__AVAILABLE DATA__:
☆ ☆ ☆

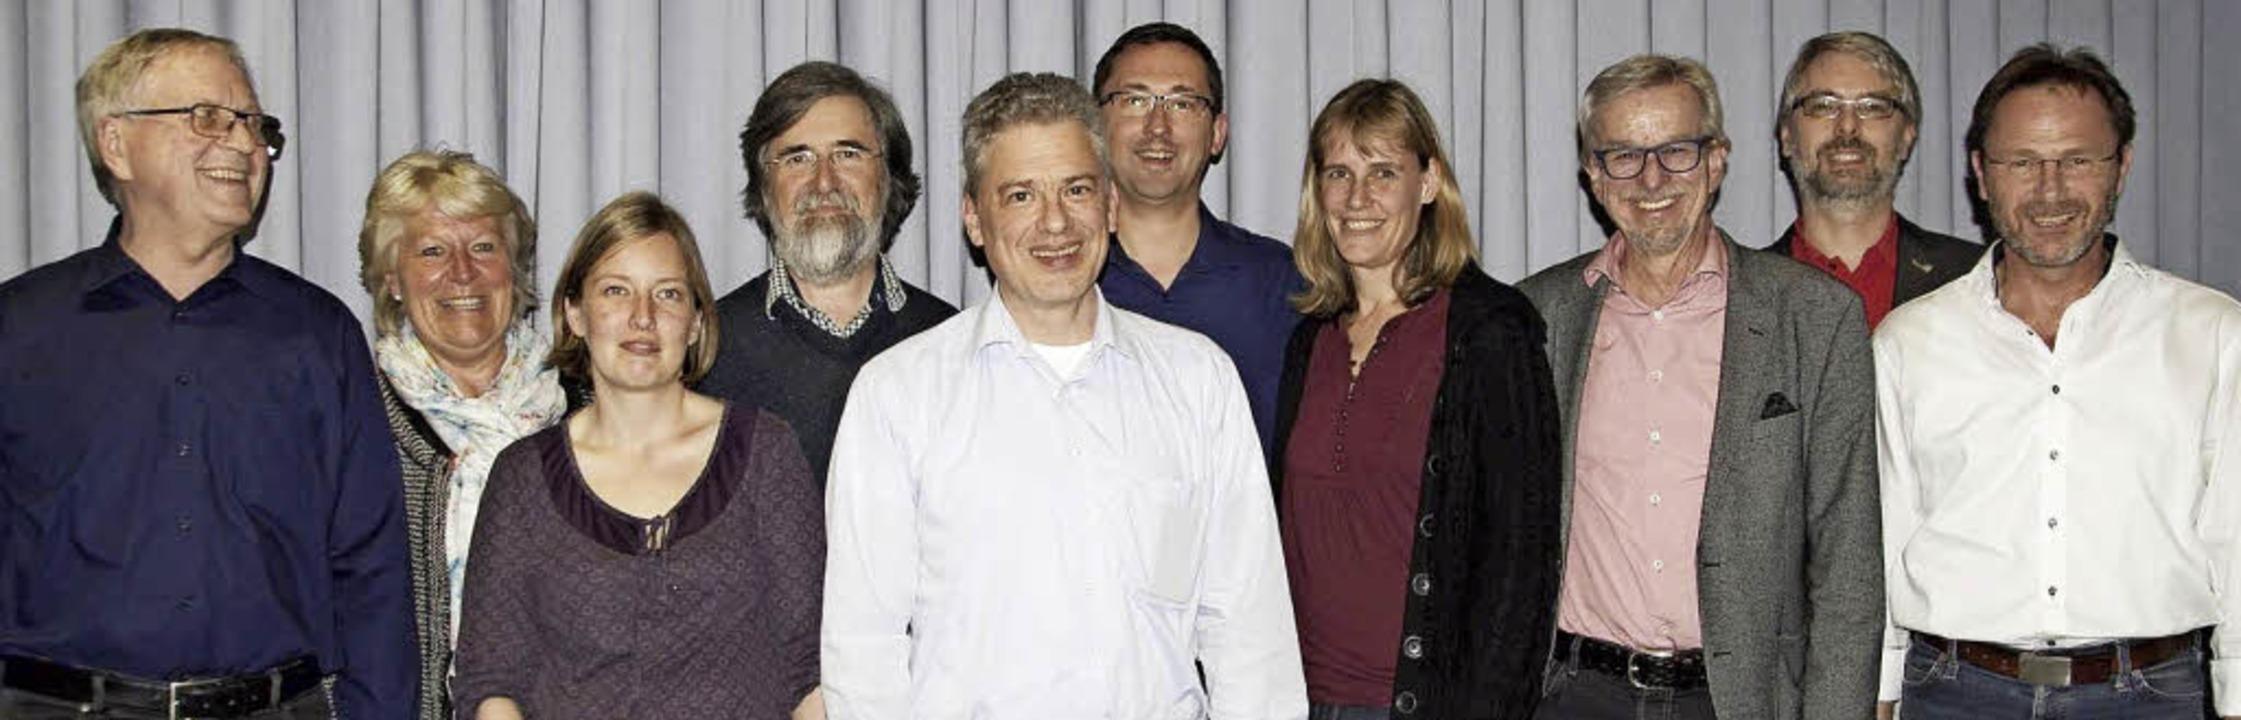 Neuer SPD-Vorstand in Bad Krozingen ge...r Falk, Matthias Schmidt, Armin Hänßel  | Foto: SPD
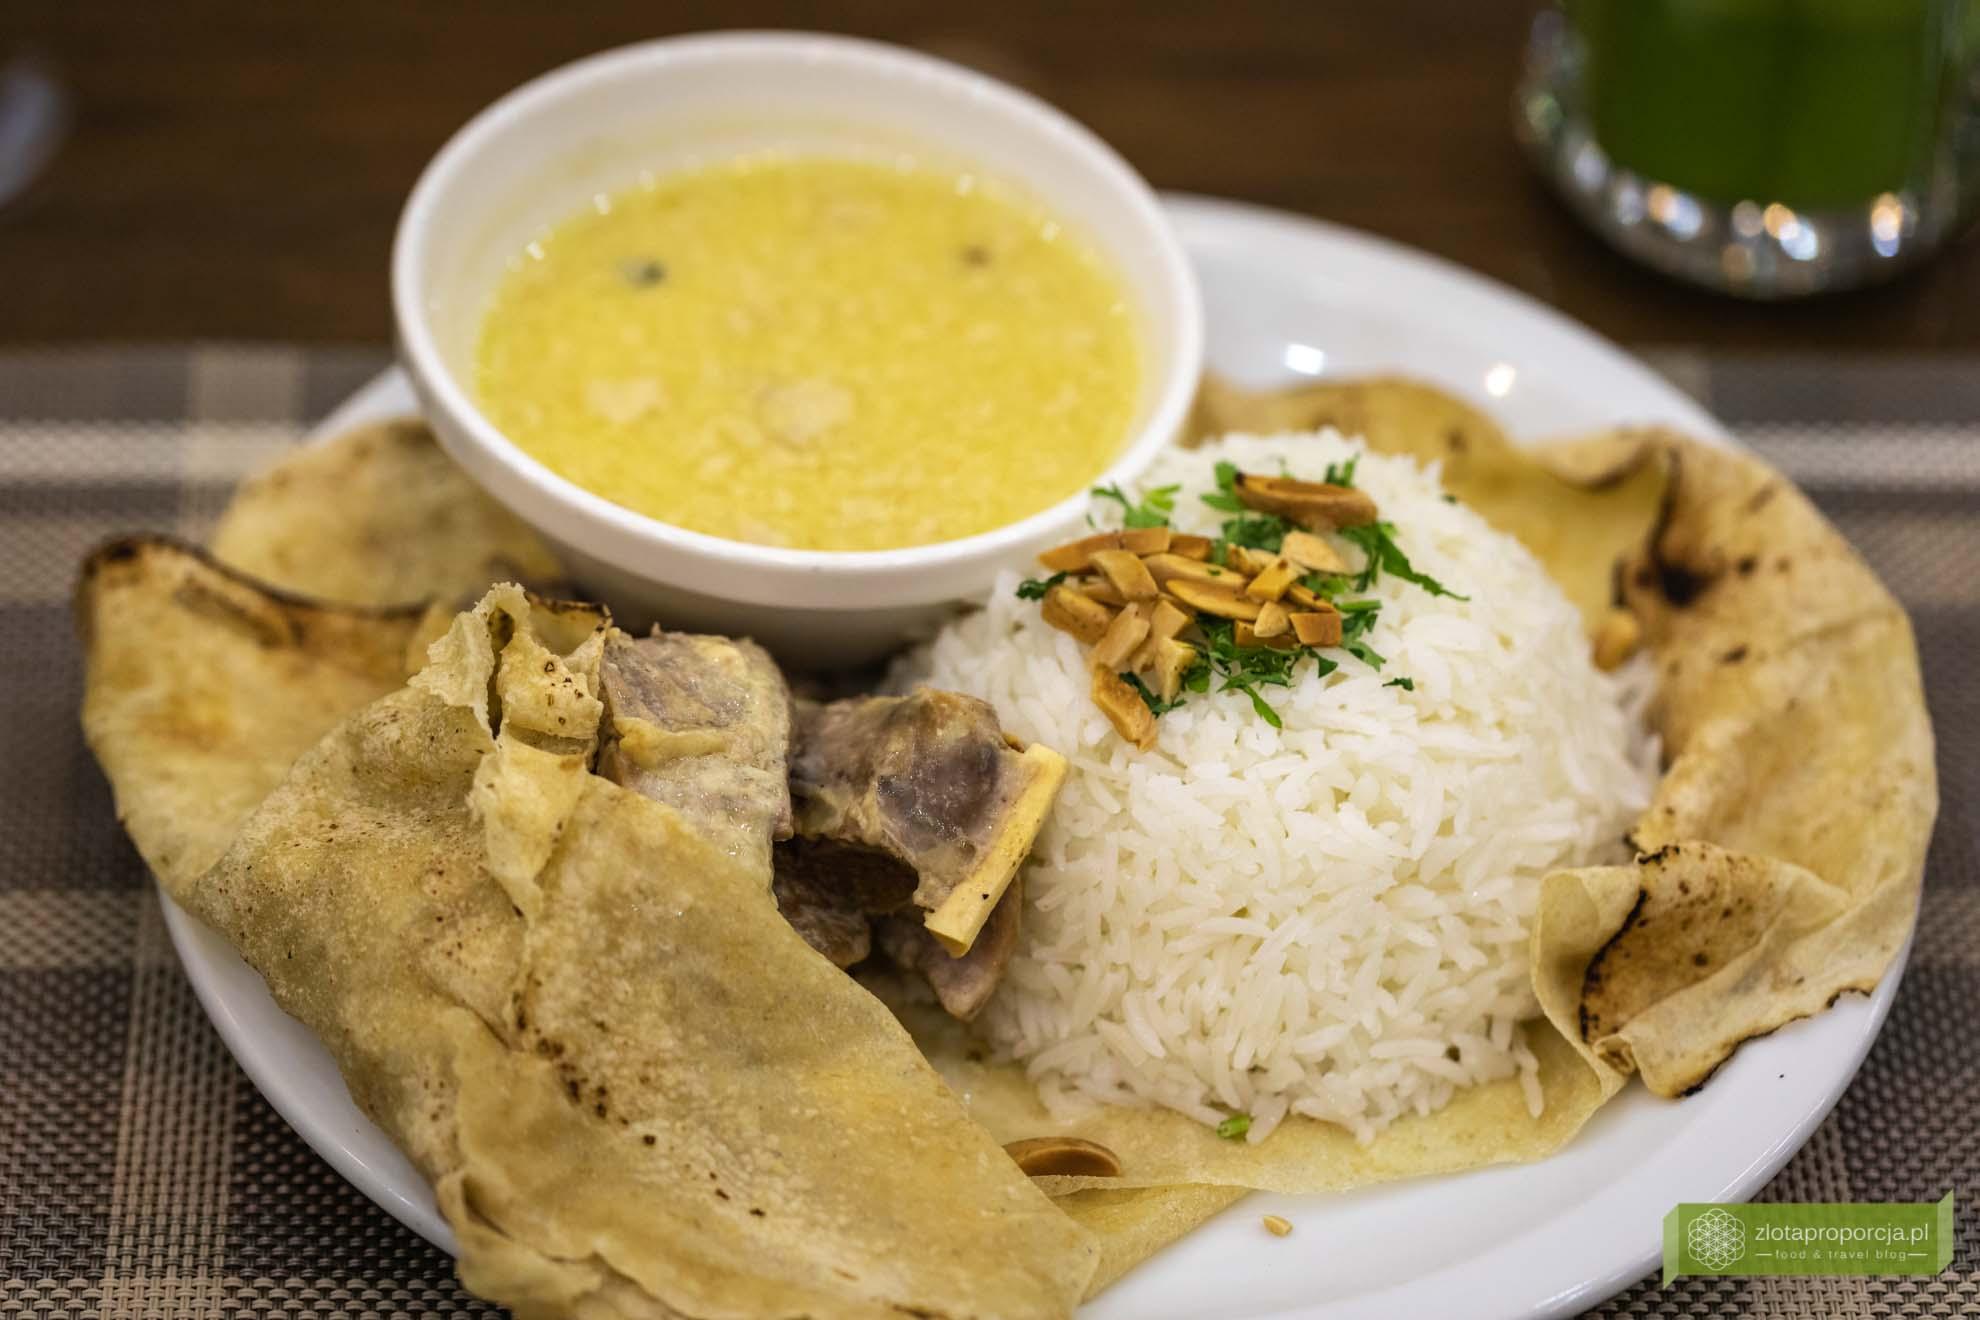 Jordania; Jordania jedzenie, Jordania kuchnia, kuchnia Jordanii; mansaf;
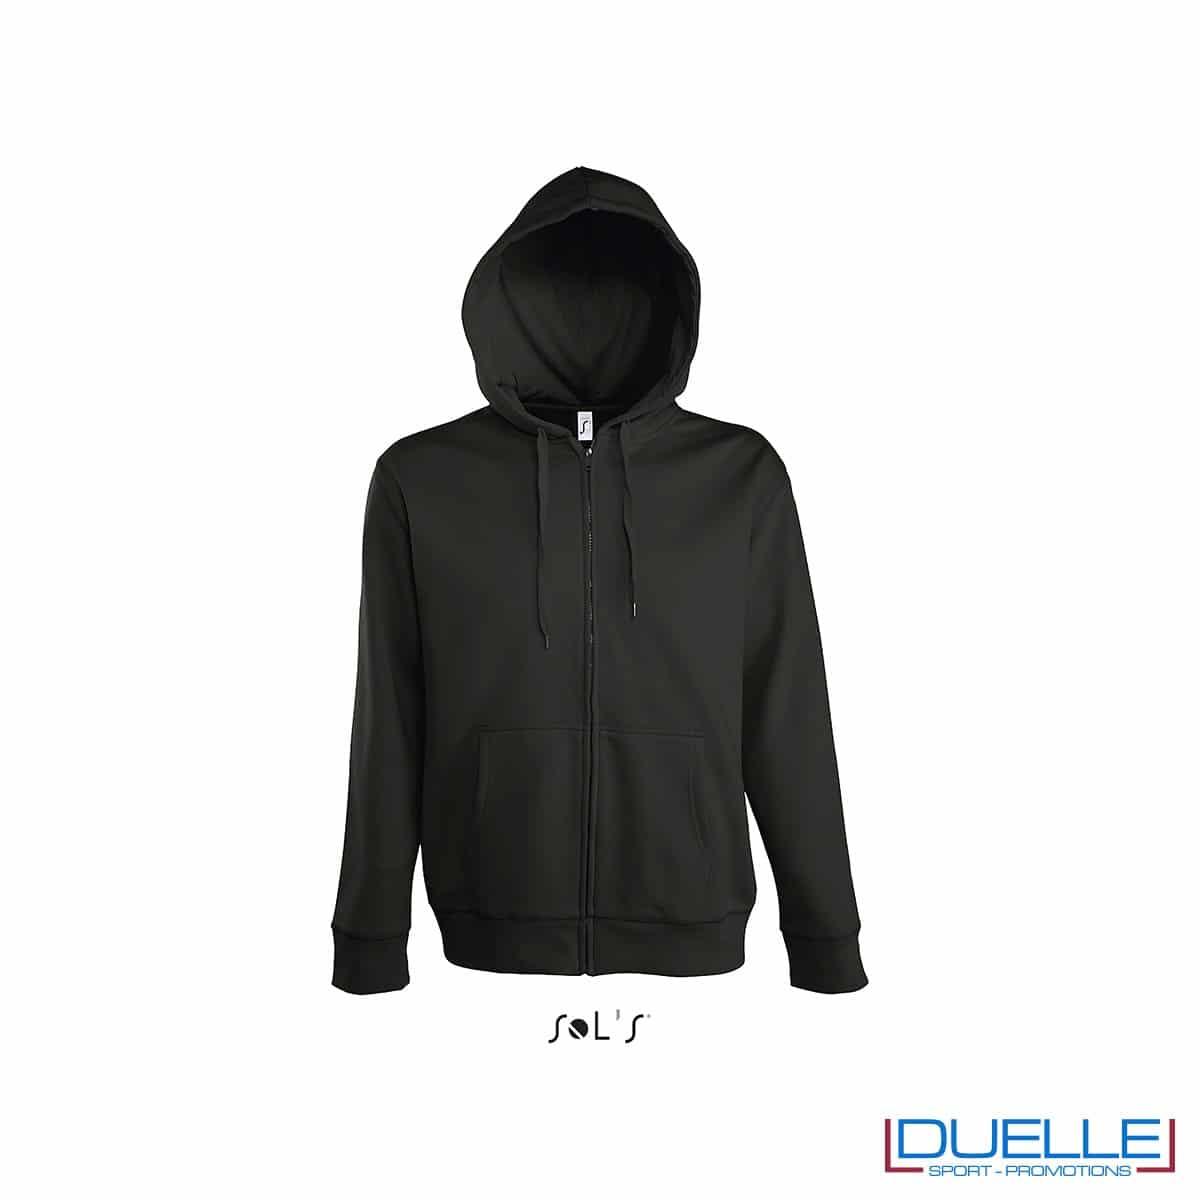 felpa personalizzata con cappuccio e zip completa colore nero, felpa personalizzata

☆ ☆ ☆

Return the material exactly as given above, picture-free.

__SOLVED EXERCISE__:
 Neuer SPD-Vorstand in Bad Krozingen ge...r Falk, Matthias Schmidt, Armin Hänßel  | Foto: SPD
 Jordania; Jordania jedzenie, Jordania kuchnia, kuchnia Jordanii; mansaf;
 felpa personalizzata con cappuccio e zip completa colore nero, felpa personalizzata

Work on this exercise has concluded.